The People’s Bank of China has announced that it’s going to be delaying transfers of cash funds in both Dollars and also Yuan. Hey! I thought the Yuan was meant to be the up-and-coming world reserve currency that knew no problems and felt no crisis? It was only the Dollar that suffered, wasn’t it? The People’s Bank has invoked the need to update systems and do some maintenance. Apparently, it’s nothing to worry about and is just the ‘normal system maintenance’ that always takes place at this time of the Chinese Lunar-New Year celebrations. Transfers will be delayed right after January 30th until February 2nd for domestic transfers and it will continue until February 7th and the end of the holiday for foreign currency transfers.
Right, so there is no problem and the maintenance in the systems are going to take that long to deal with? Let’s hope they don’t get a glitch in there somehow and the entire Chinese banking system goes up in a cloud of mushrooms. There are always delays at the New Year period in China, but, the ones that have taken place in previous years haven’t had the backdrop of the previous problems with liquidity in China. That’s the whole difference in this story and that should be making the rest of us just slightly worried. The Chinese might be stealing the industrial rug from under our feet, but a world without the Chinese finances (at least what they tell us they have) would be a whole different spring roll ahead of us.

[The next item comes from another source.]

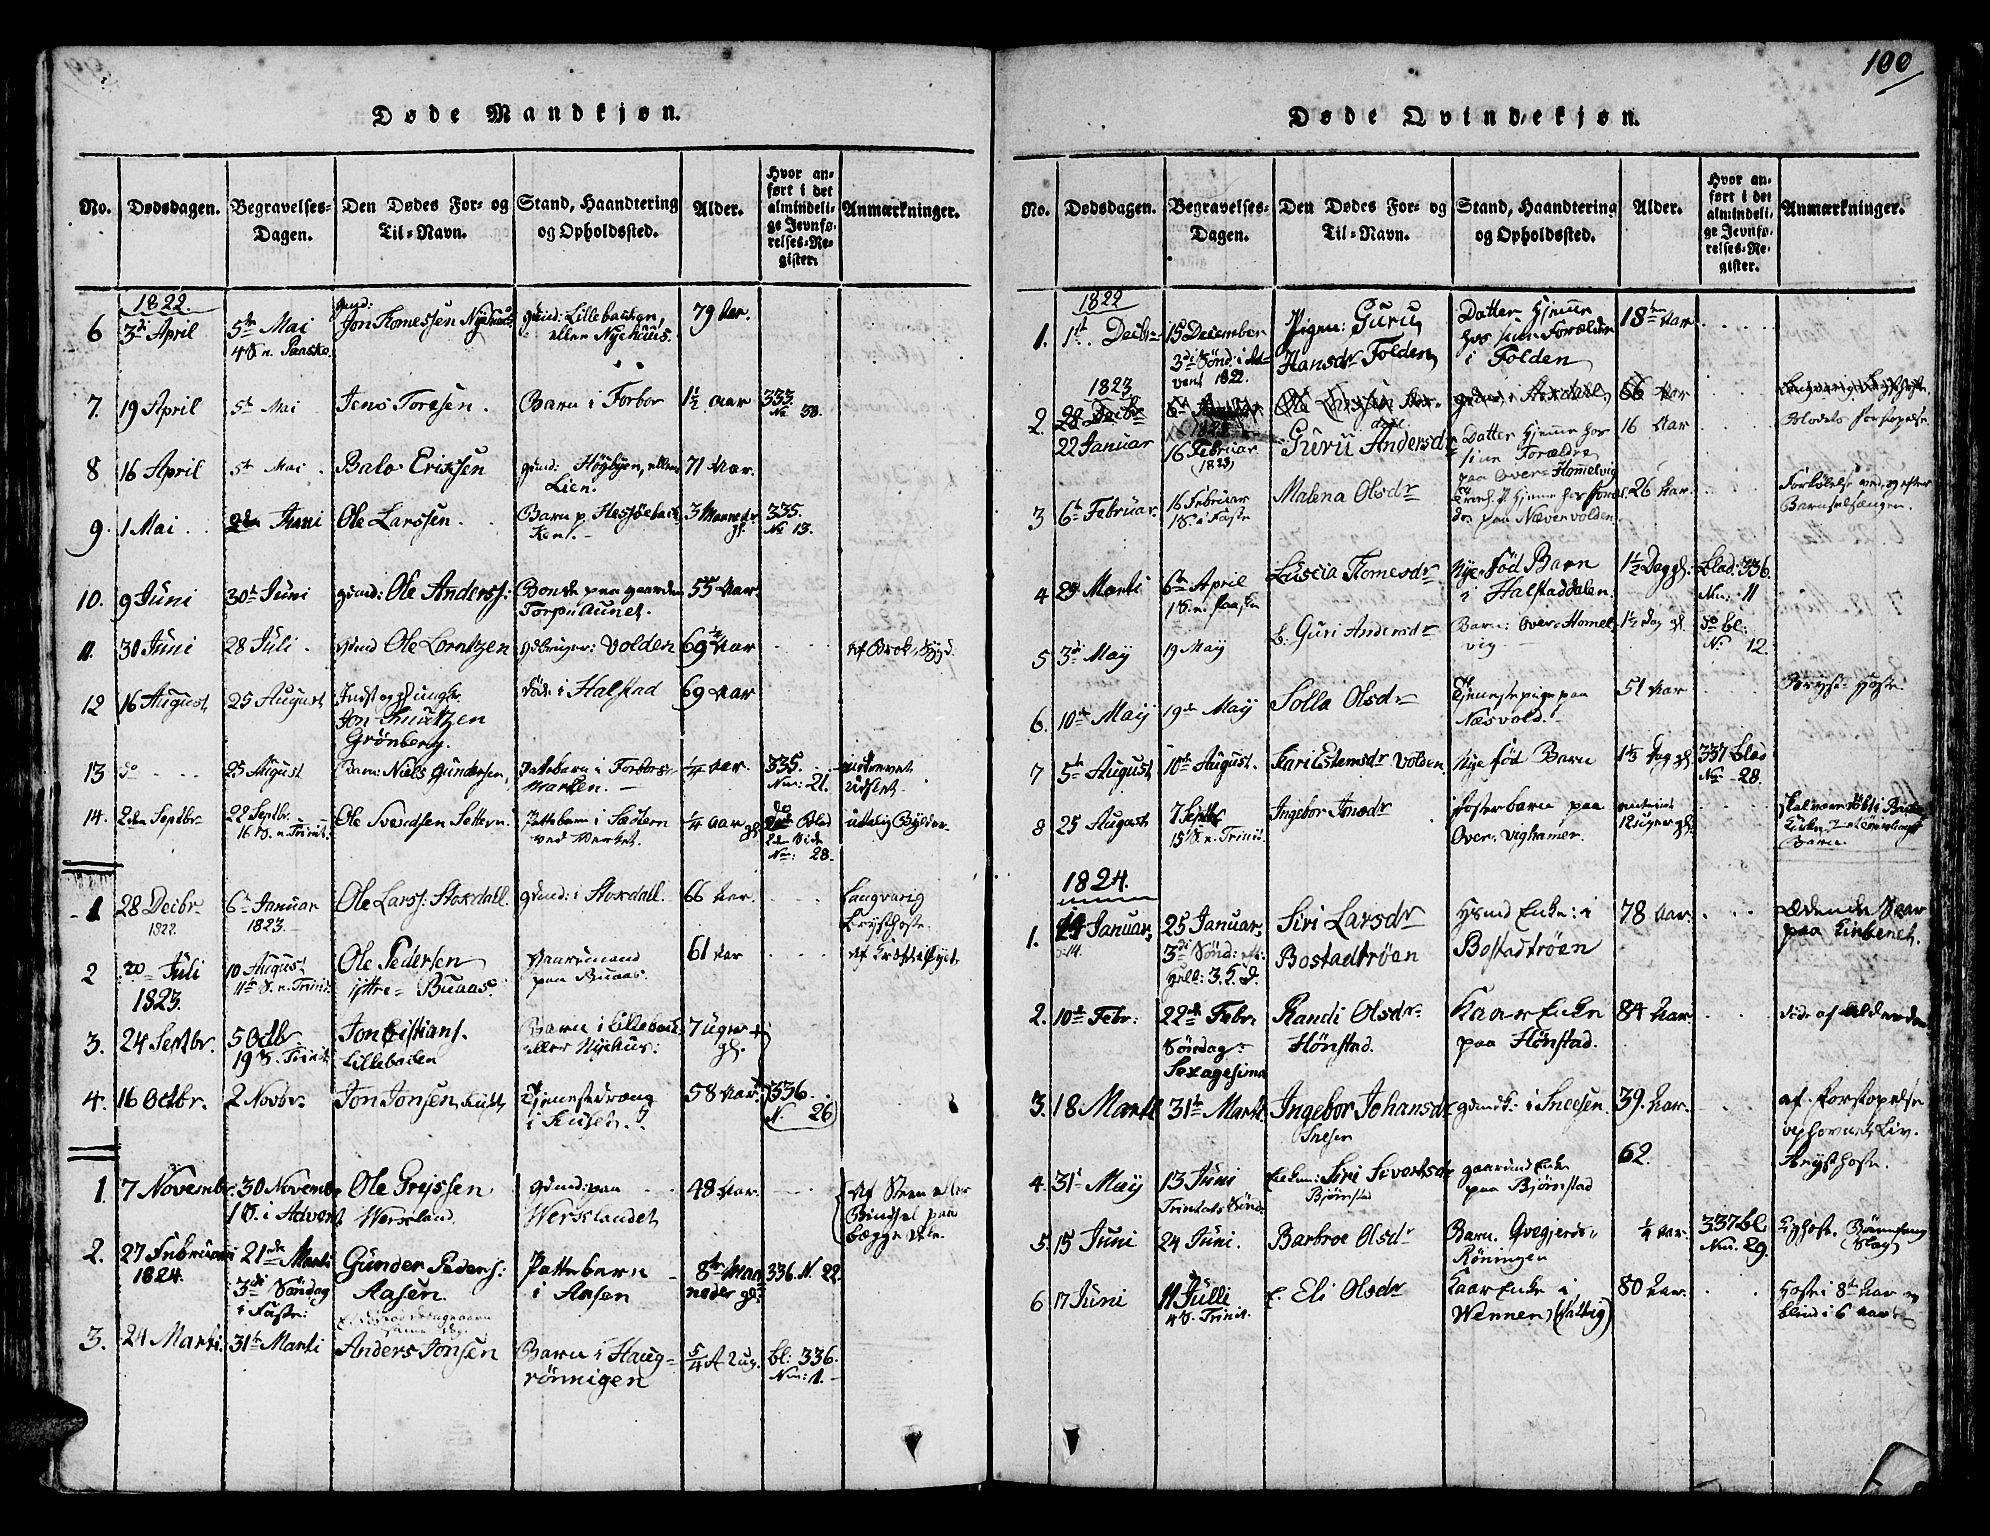 SAT, Ministerialprotokoller, klokkerbøker og fødselsregistre - Sør-Trøndelag, 616/L0420: Klokkerbok nr. 616C03, 1817-1835, s. 100

Admittedly, as many are willing to express, there is now the race that is on to be the first that predicts the fall of China. But, no need to race, that crystal-ball prediction was forecasted years ago before China even got out of its Communist pants after its long march.
But, today the financial sector in China is having liquidity problems that are getting worse. January 20th saw the interbank rates increase as much as 10%, when the PBOC stepped in. That was an increase from 3% the previous week. It is now at more stable (although still high) levels of 4.65%.
The POBC has urged banks in China to deal better with liquidity in particular at this time of year and to rely less on short-term funding.
But, the holiday-period is a frightening time for the banks as their liquidity drops and therefore trust between the banks gets worse as cash is depleted. The system maintenance comes at a wonderful time. The Chinese are taking a leaf out of the books of the best spin-doctors around and telling the world exactly what isn’t true, but what will be good to hear. Telling us all ‘hey, we’re up it without a paddle’ just isn’t going to instil confidence in the market is it? Welcome to the world of marketing in China.
Lies, lies and wool over your eyes. Until the penny drops, that is.